Sunday, April 6, 2008

Make Your Mistakes Quickly


In the initial brainstorming phase of this project, I was just organizing my informtion in order to determine what form the graph should take.

After that I moved into my first idea, which was to place all the icons on the map of the earth in the places they were invented and modified. This failed the quickest, because I realized that most of the invention/modification happened in just a couple places.

Now that I knew I had to deal with a few places of origin I tried again with a map of just the places they had been invented, but It didn't work because most of the objects were invented or modified in a single location, but a few then would skip out to spots on the map that are geographically distant, also it didn't give the sense of time through space and scale the way I wanted it to.

My next step was the one on the previous blog post, then I started this version based on the input described for that one. I changed my y-axis to place of invention, and my x-axis was still time. The problem I attempted to solve at the bottom of this graph with all the scribbles and numbers, was how to evenly and logically destribute the time.

This version maintains the x-and y-axis of the previous, and utilizes the separation worked out on the last time line. I segmented the time into five places, each one moving at different intervals in an attempt to create a more even spacing along the graph.

2 comments:

jamie said...

Ian, nice break-down of your rational and making evolution.

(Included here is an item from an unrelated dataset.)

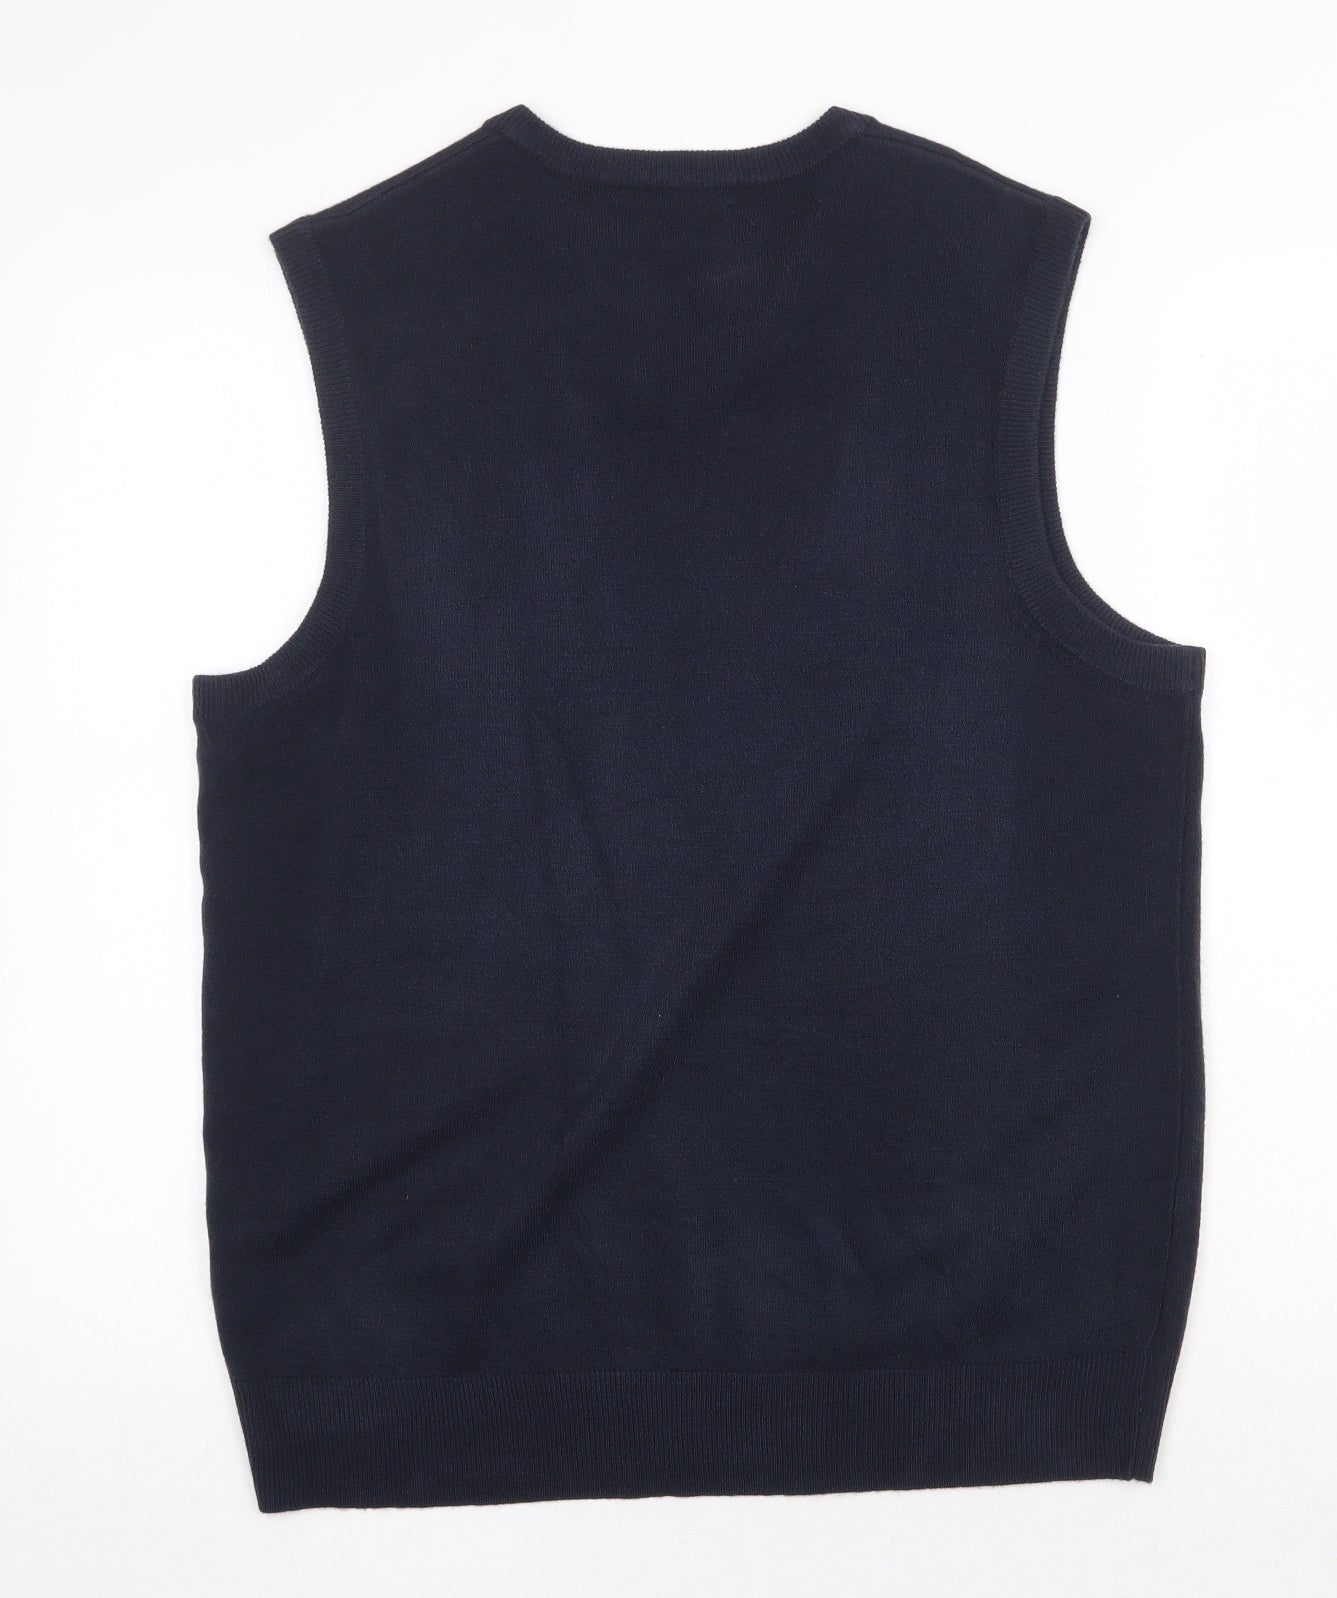 Atlantic Bay Mens Blue V-Neck Acrylic Vest Jumper Size M Sleeveless

Do you find this "documenting methodology" informing or expanding your design process?

Ian Tirone said...

I do in fact.

By forcing myself to look at and document the reasons for why I am making the changes from phase to phase allows me to further my understanding of how I need to work, as well as offering additional insight that I can use to better current phases.

I don't know if this would work well on an individual phase basis. I waited until I passed through several phases, that way I could see a micro evolution of process, rather than documenting one at a time, and not really seeing the strings that connect them.